Your goal:
The pictures stay out. Please retype every line below exactly.

Provided material:

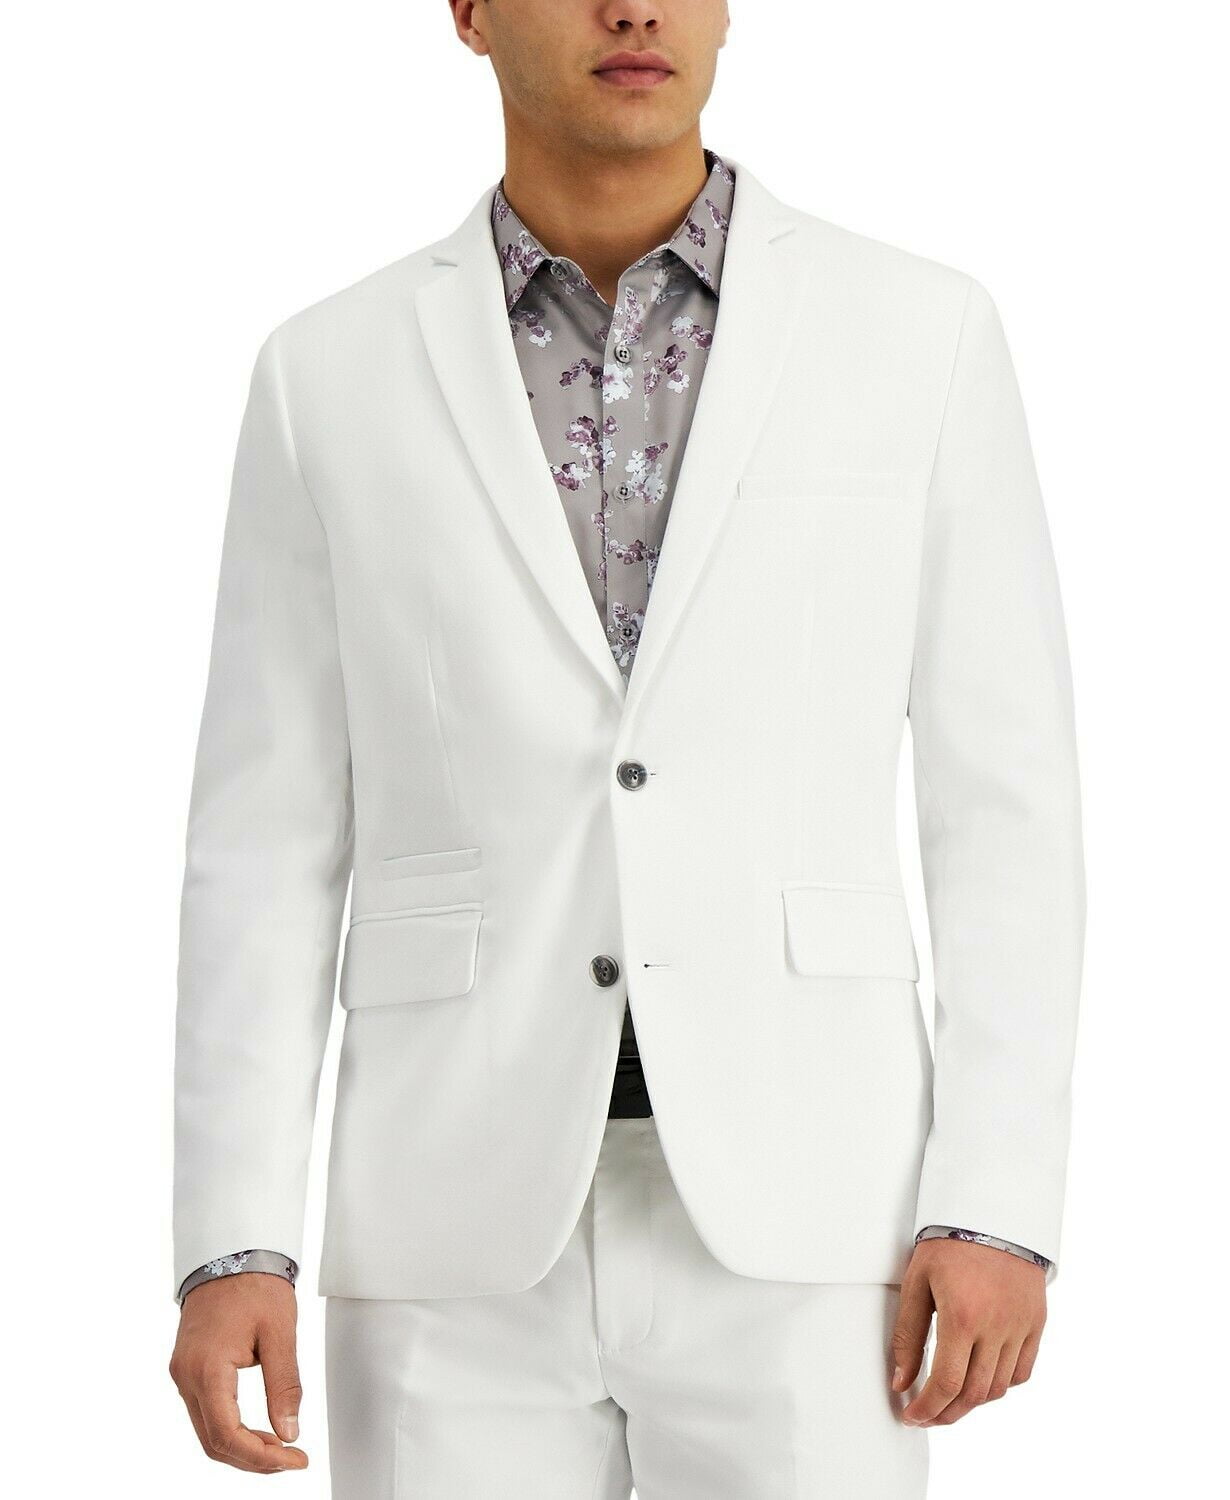 INC Men's Slim-Fit Stretch White Solid Sport Coat White Pure-Size XL 46-48R  
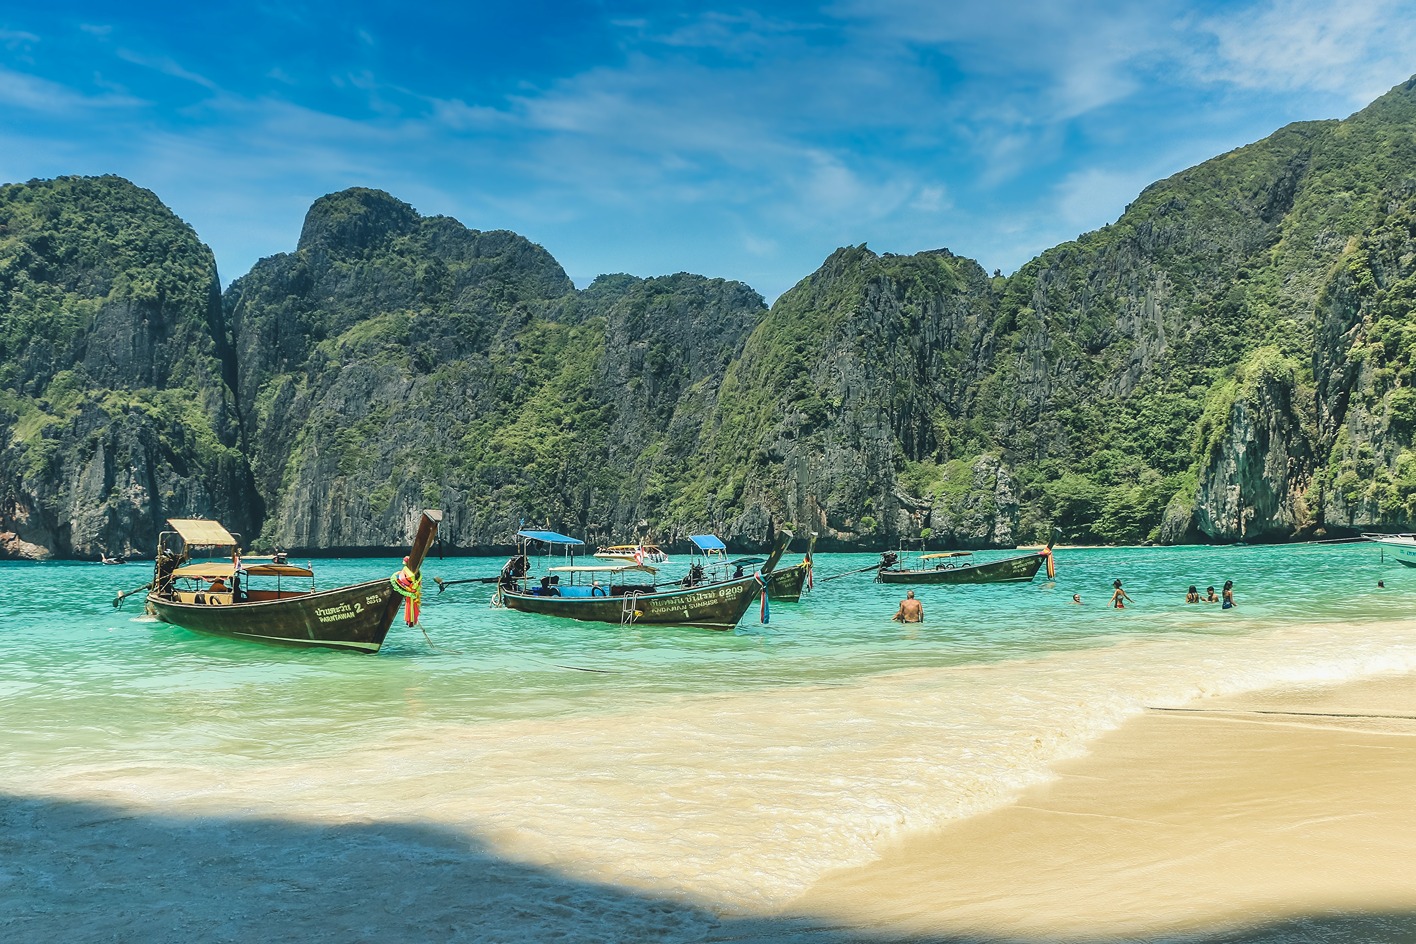 Thai wooden boats along the shore in Coastal Thailand
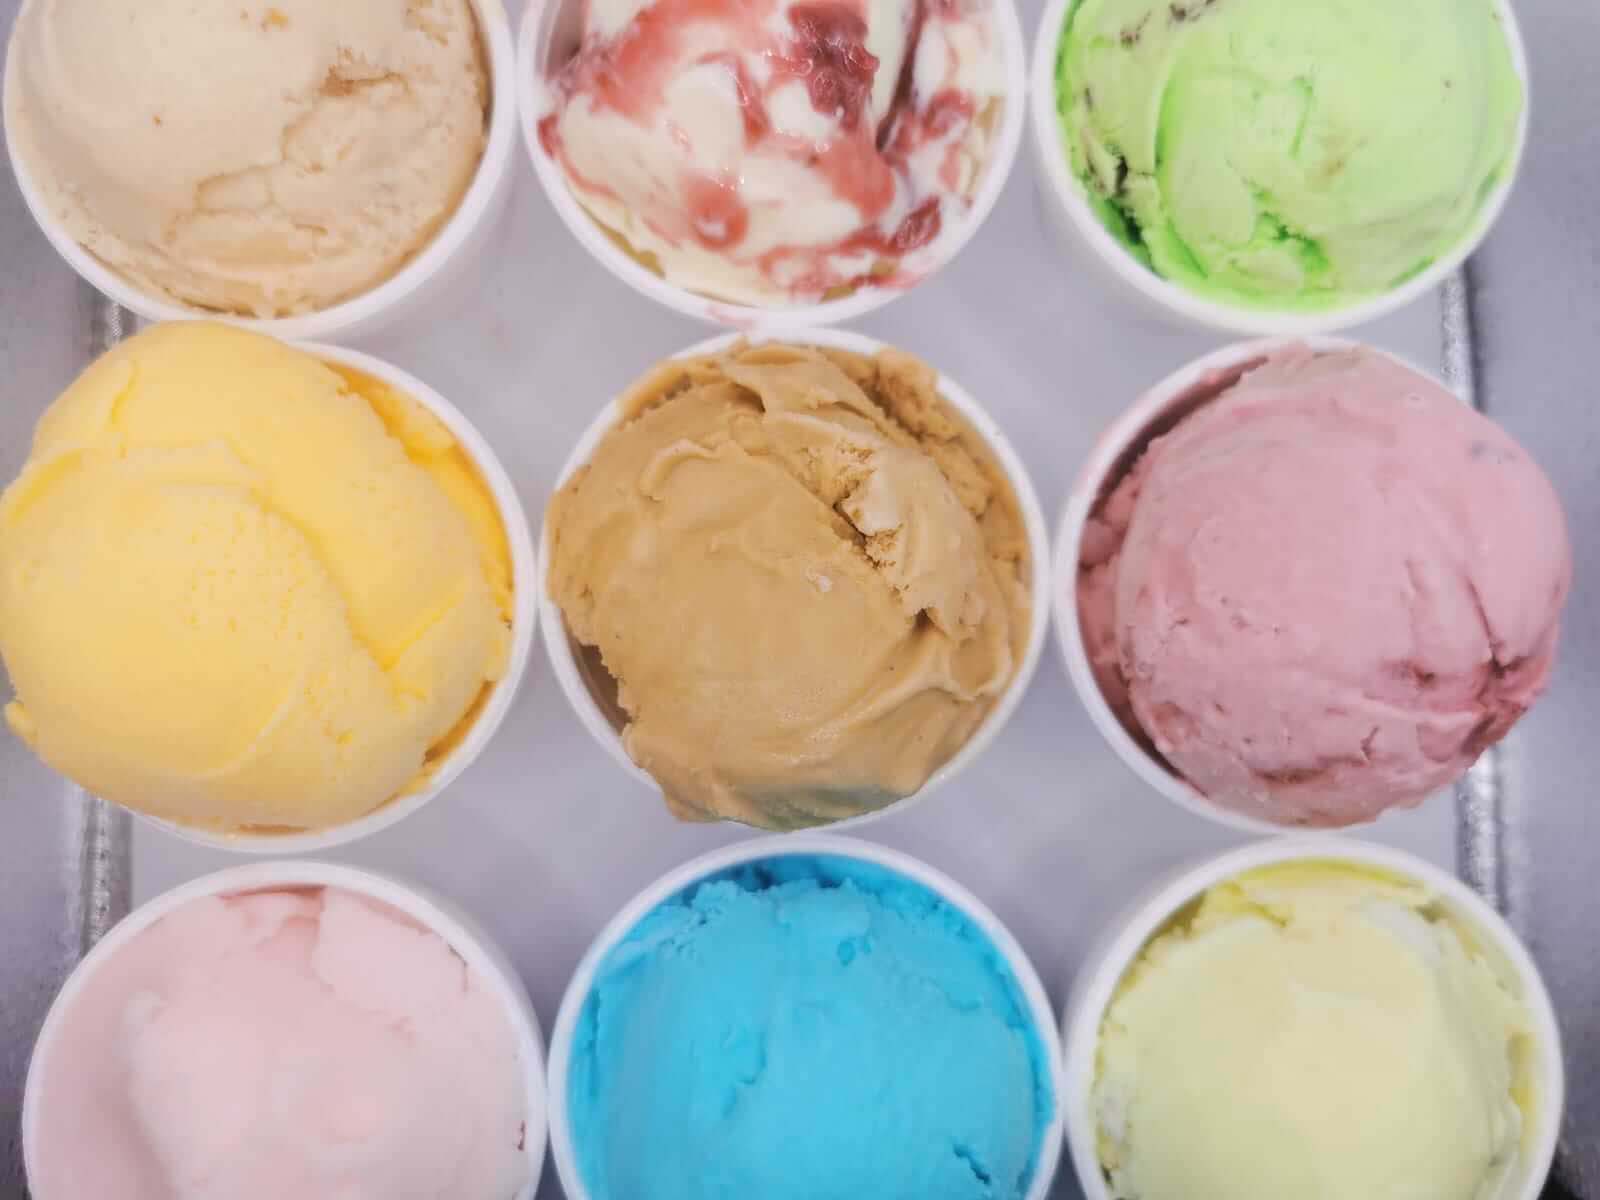 Ice cream selection

Solution:
 INC Men's Slim-Fit Stretch White Solid Sport Coat White Pure-Size XL 46-48R  
 Thai wooden boats along the shore in Coastal Thailand
 Ice cream selection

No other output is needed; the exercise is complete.